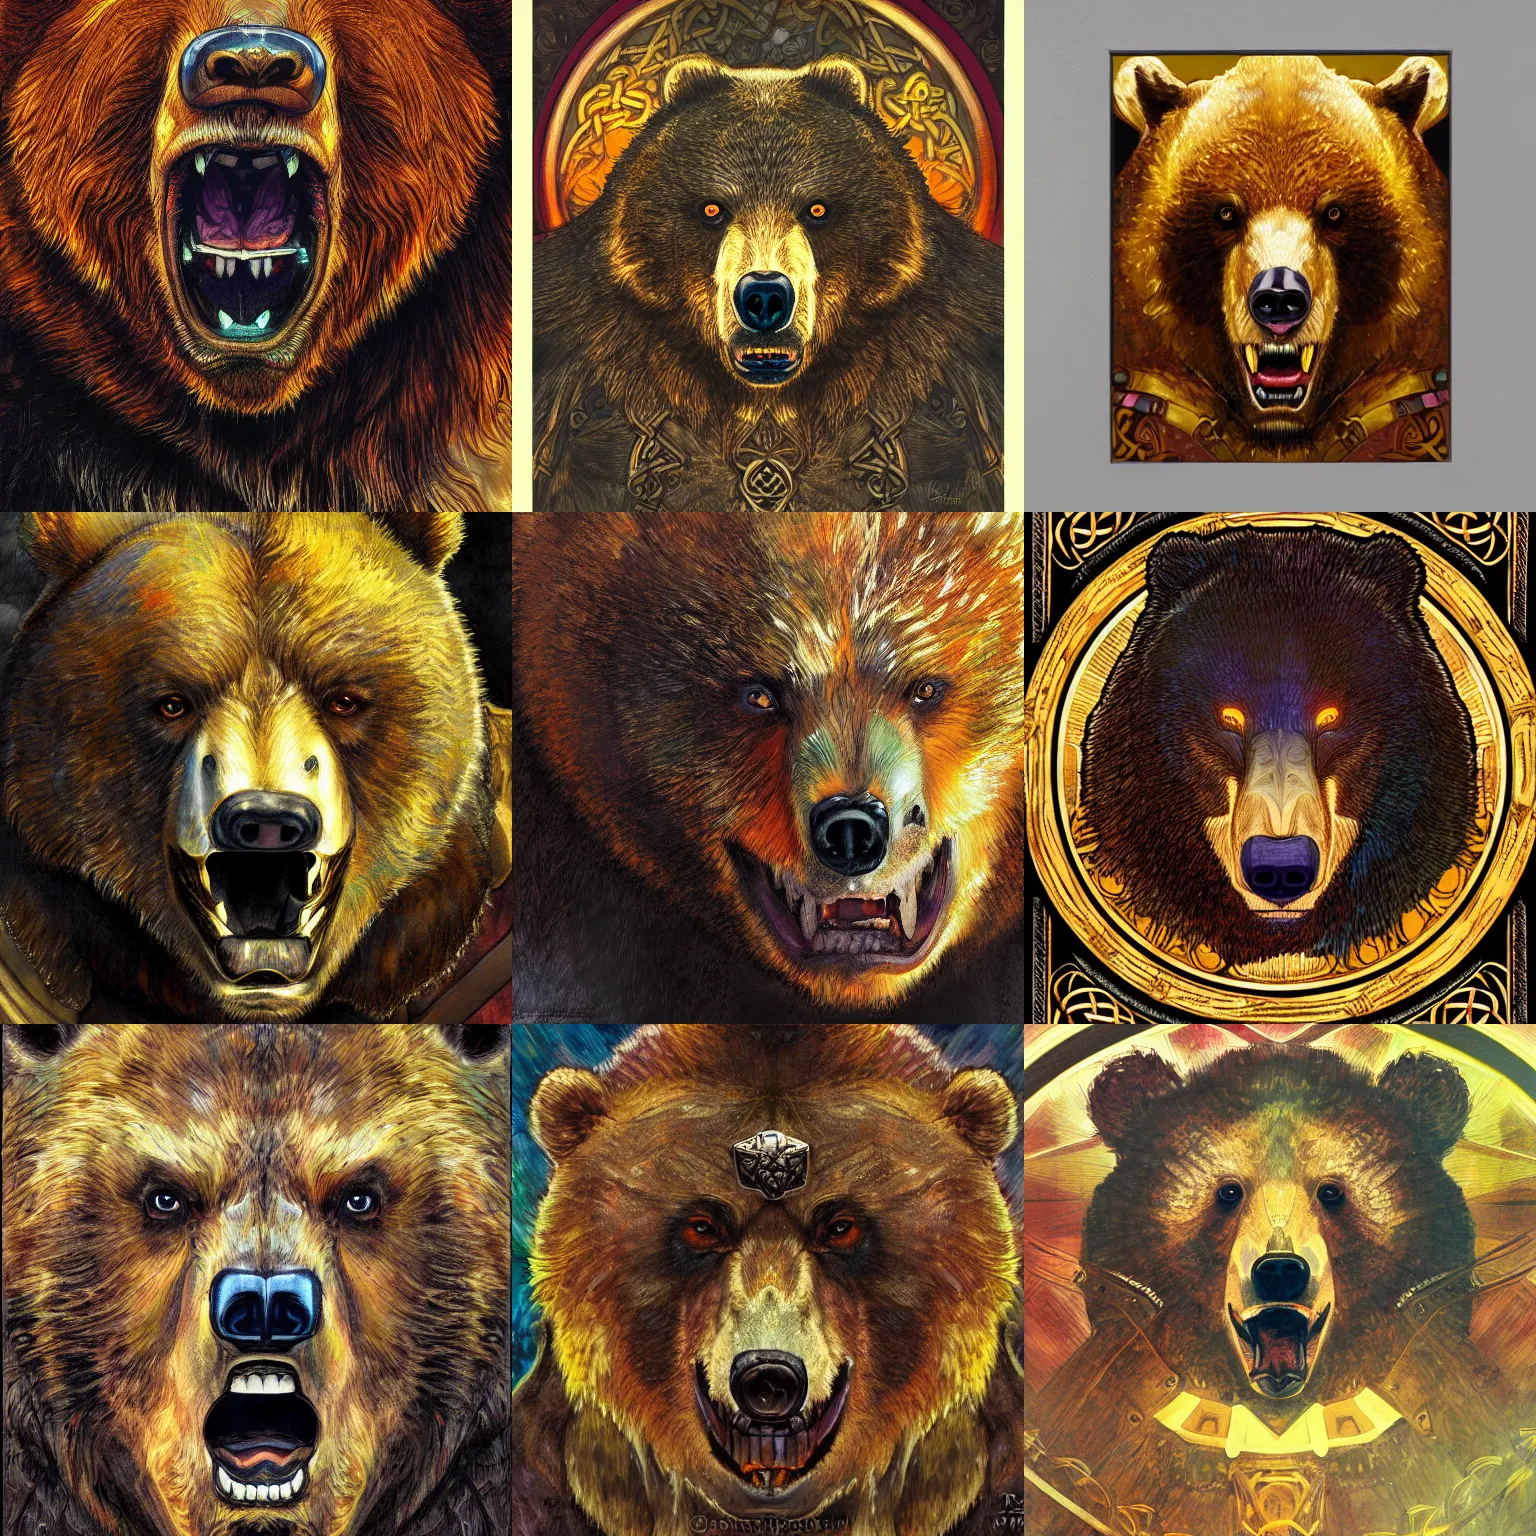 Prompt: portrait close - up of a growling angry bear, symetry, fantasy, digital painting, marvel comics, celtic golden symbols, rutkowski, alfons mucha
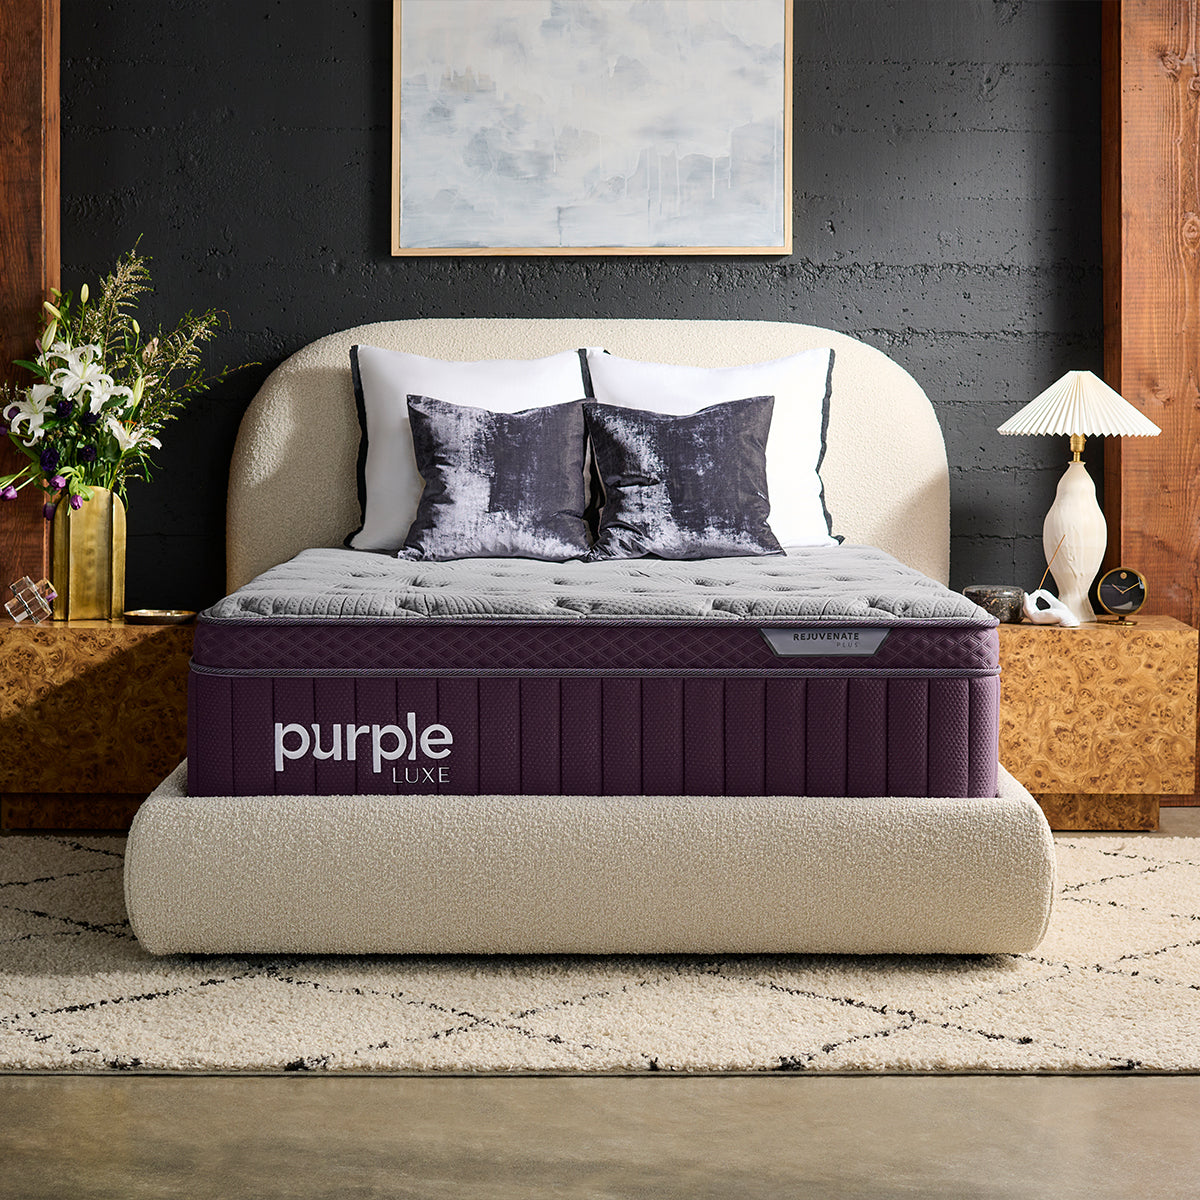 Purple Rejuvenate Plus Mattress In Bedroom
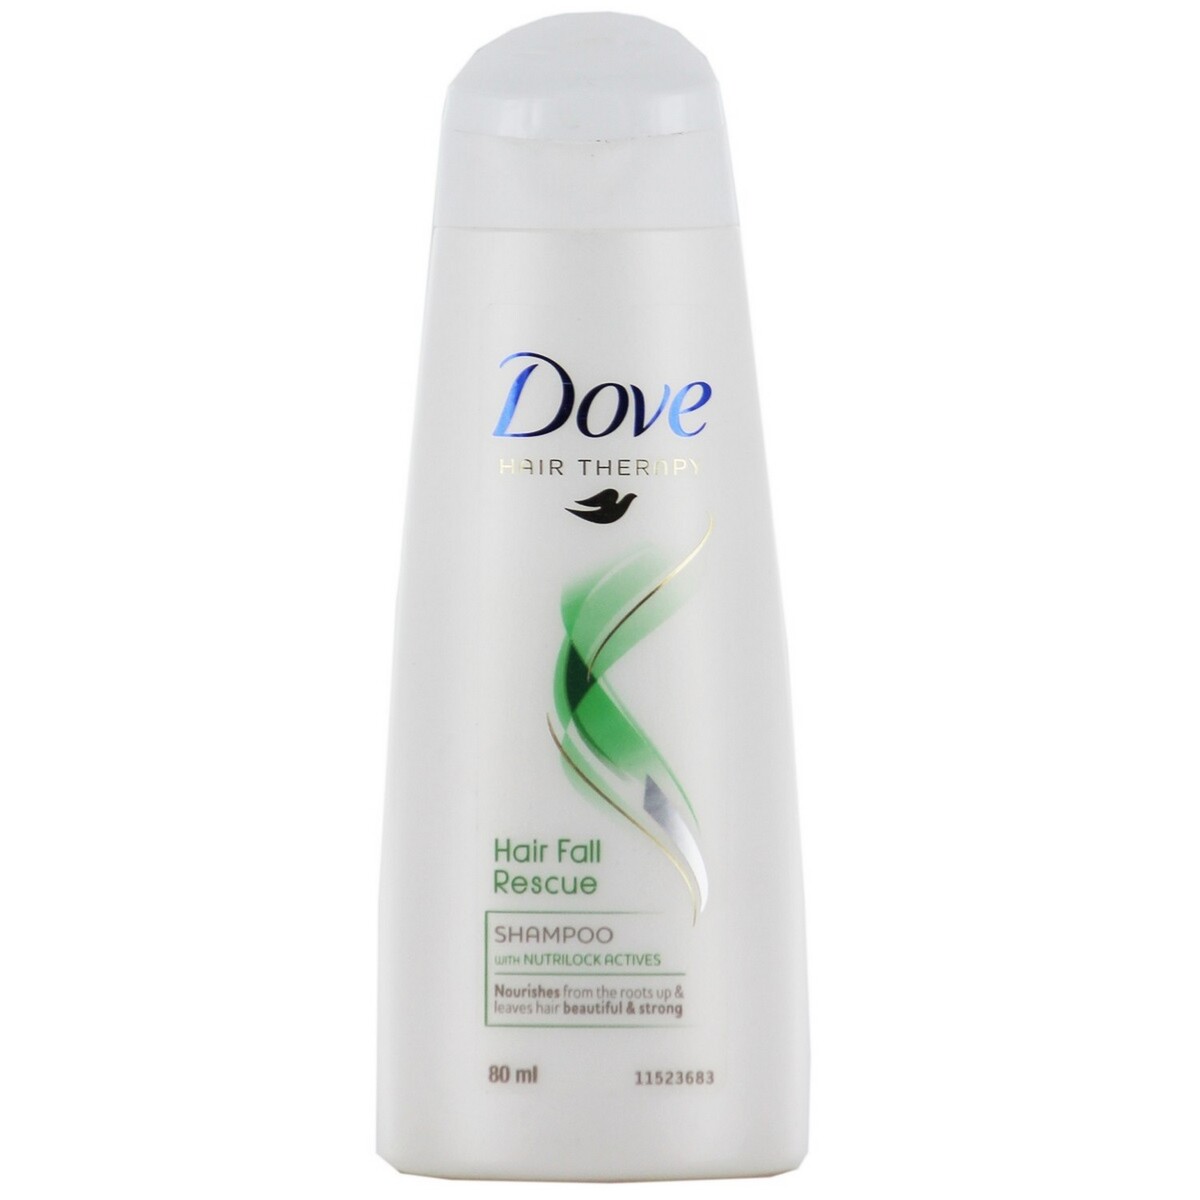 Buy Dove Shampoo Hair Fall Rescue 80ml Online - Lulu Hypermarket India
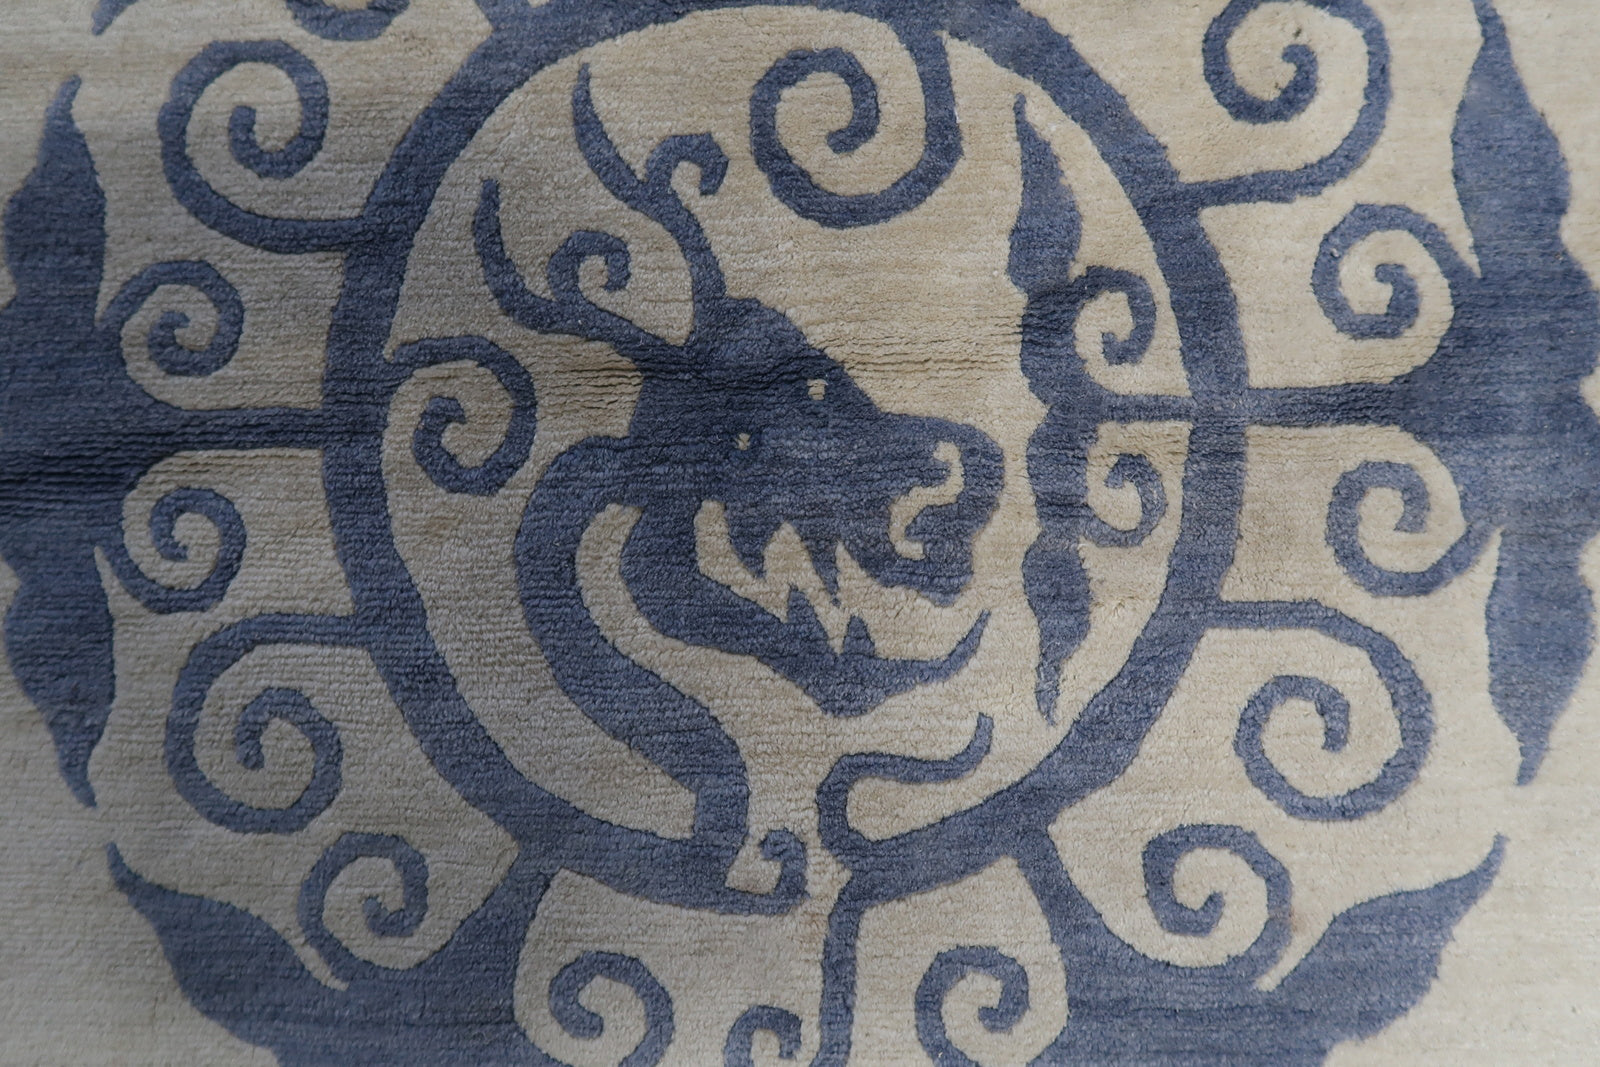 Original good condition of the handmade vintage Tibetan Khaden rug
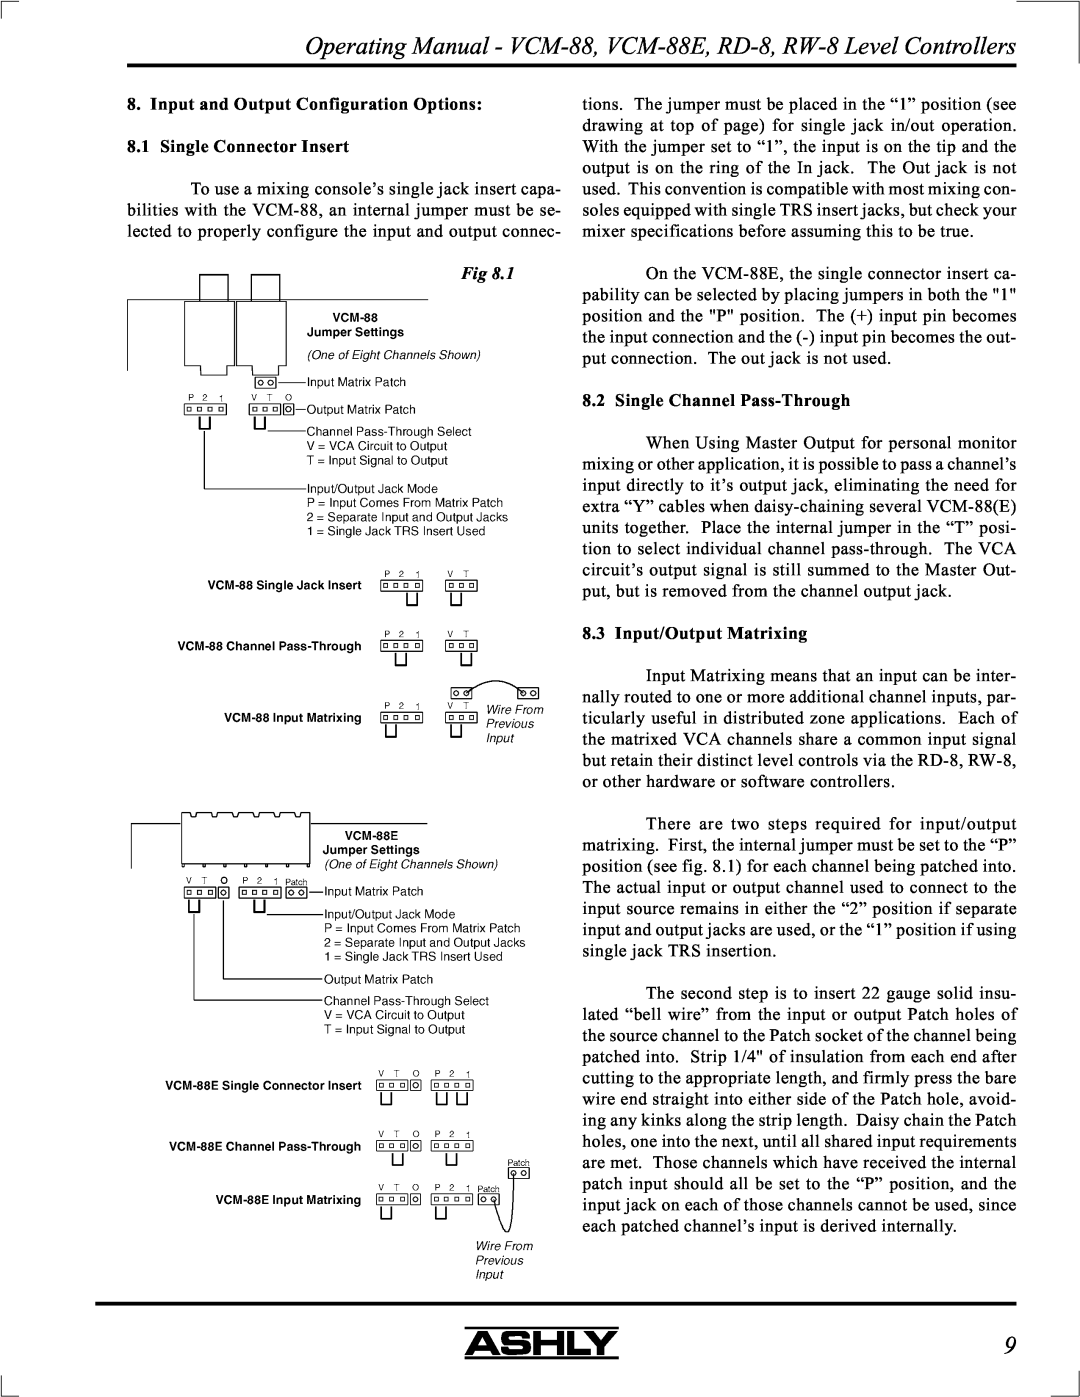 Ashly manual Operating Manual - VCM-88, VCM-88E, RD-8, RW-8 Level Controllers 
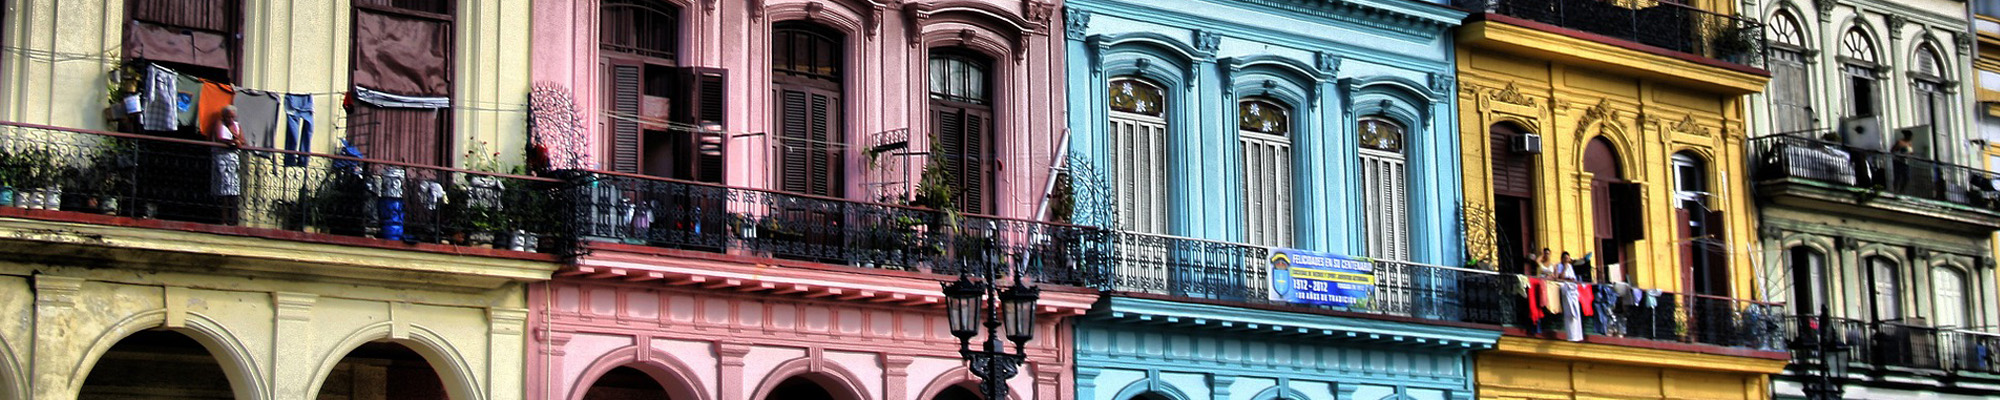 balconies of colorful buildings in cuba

******************************

[TASK ITEM]:
The line containing "Original good condition" and every line after it, through the end of the records, are what you should retype exactly. Do not include the pictures.

[PROBLEM SOLUTION]:
 Original good condition of the handmade vintage Tibetan Khaden rug
 Ashly manual Operating Manual - VCM-88, VCM-88E, RD-8, RW-8 Level Controllers 
 balconies of colorful buildings in cuba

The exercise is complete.